General Medicine Team Units
Interns and residents were assigned to a general medicine team with either an extended duty-hour or limited duty-hour schedule. Both teams shared the same nursing, pharmacy, and ancillary support staff. Patient admission criteria were identical, up to a cap of 10 patients per intern. Each team consisted of 2 attending physicians, 2 supervising residents, and 4 interns who could collectively be assigned up to 20 patients.
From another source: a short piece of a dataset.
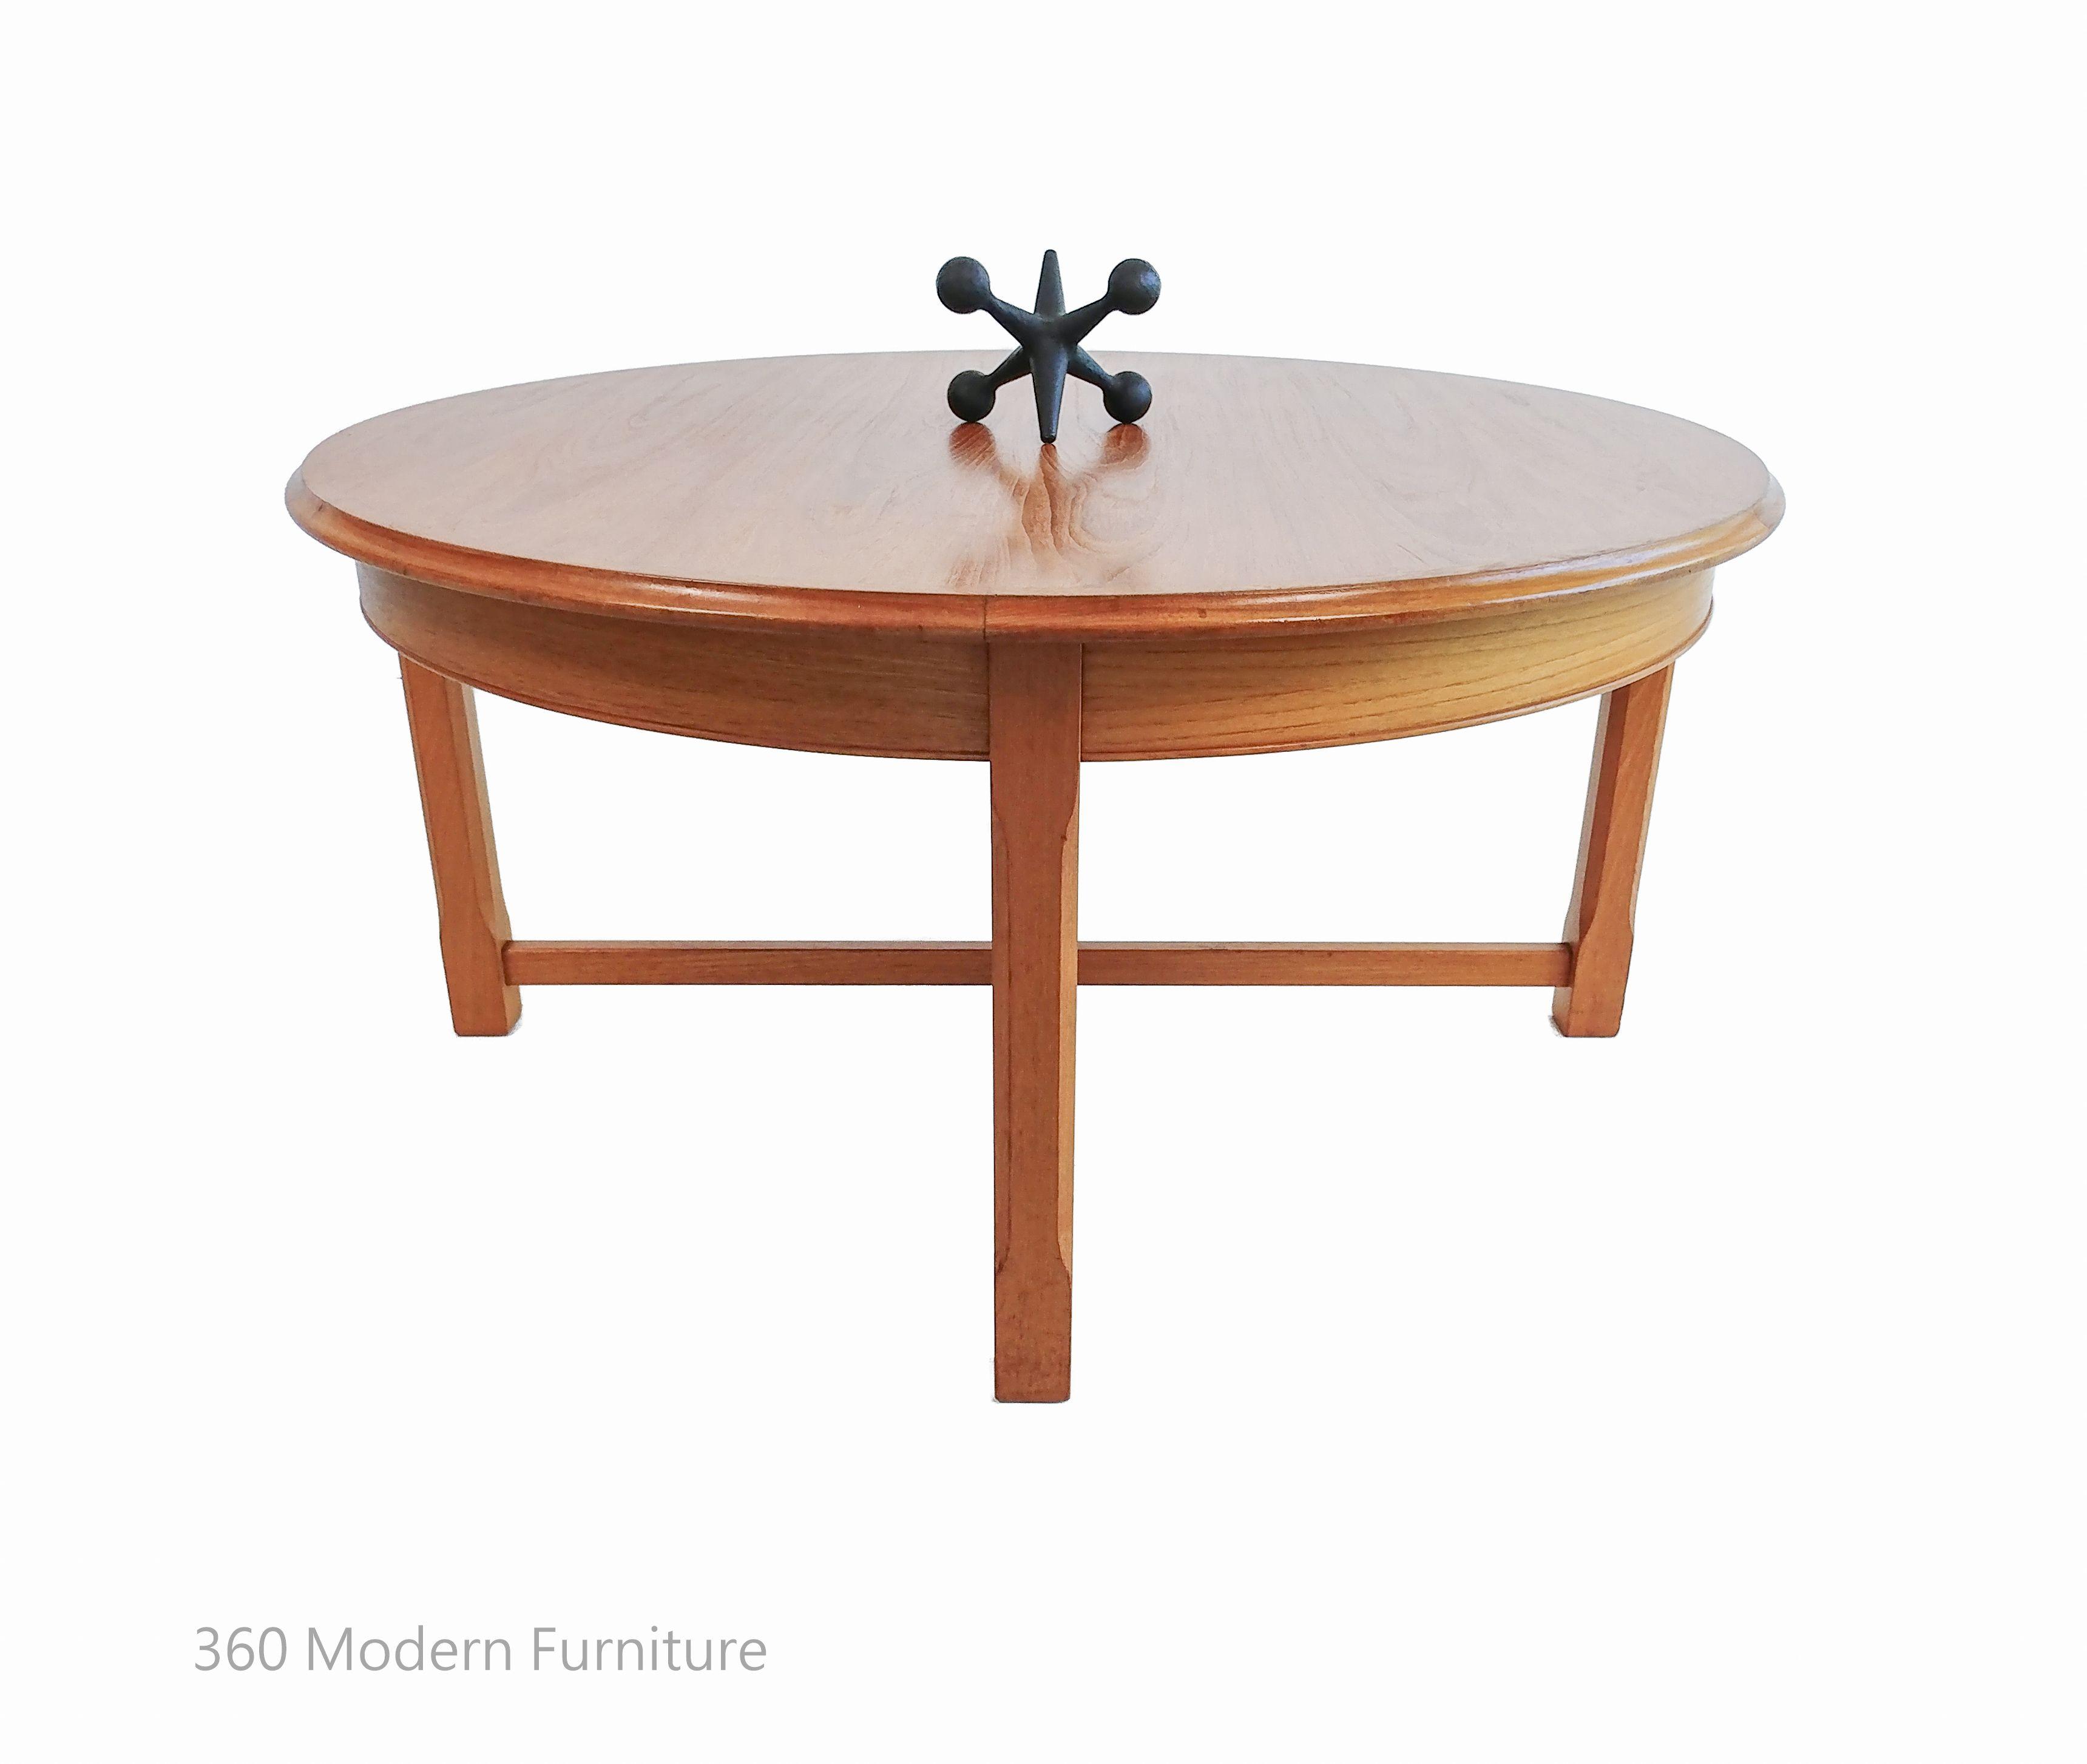 Parker Mid Century Modern Coffee Table Teak Round Retro Vintage 360 Modern Furniture Mid Century Modern Coffee Table Mid Century Coffee Table Coffee Table

Interns on the extended duty-hour team experienced 24 + 4-hour shifts every 4 days from 7 am to 11 am the following day, with 4-hour protected off-pager for in-hospital rest in private call rooms from 2:00 to 6:00 am (extended duty hours); no new admissions could be assigned to an intern after 1 am, so that the last 10 hours of the shift was protected from new admissions. Interns on the limited duty-hour team experienced a “long call” admitting shift every 3 days with a maximum single-day work hour limit of 16 hours. Day interns on the limited duty-hour team transferred care to a single “twilight” intern each evening. In a 24-hour period, there were 2 transitions of care (or “hand-offs”) in the extended-duty team and 3 transitions of care in the limited duty-hour team. Interns were assigned to the teams based on preference (30% extended; 27.5% limited) or, if they expressed no preference, were randomly assigned (42.5%). Per Accreditation Council for Graduate Medical Education rules, both units maintained a maximum weekly work hour limit of 80 hours.
Surveys
Surveys (Supplement 1, http://links.lww.com/JPS/A467) were developed in consultation with a statistician and reviewed and revised by the internal medicine program director. Resident and intern surveys were finalized after consultation with a group of residents.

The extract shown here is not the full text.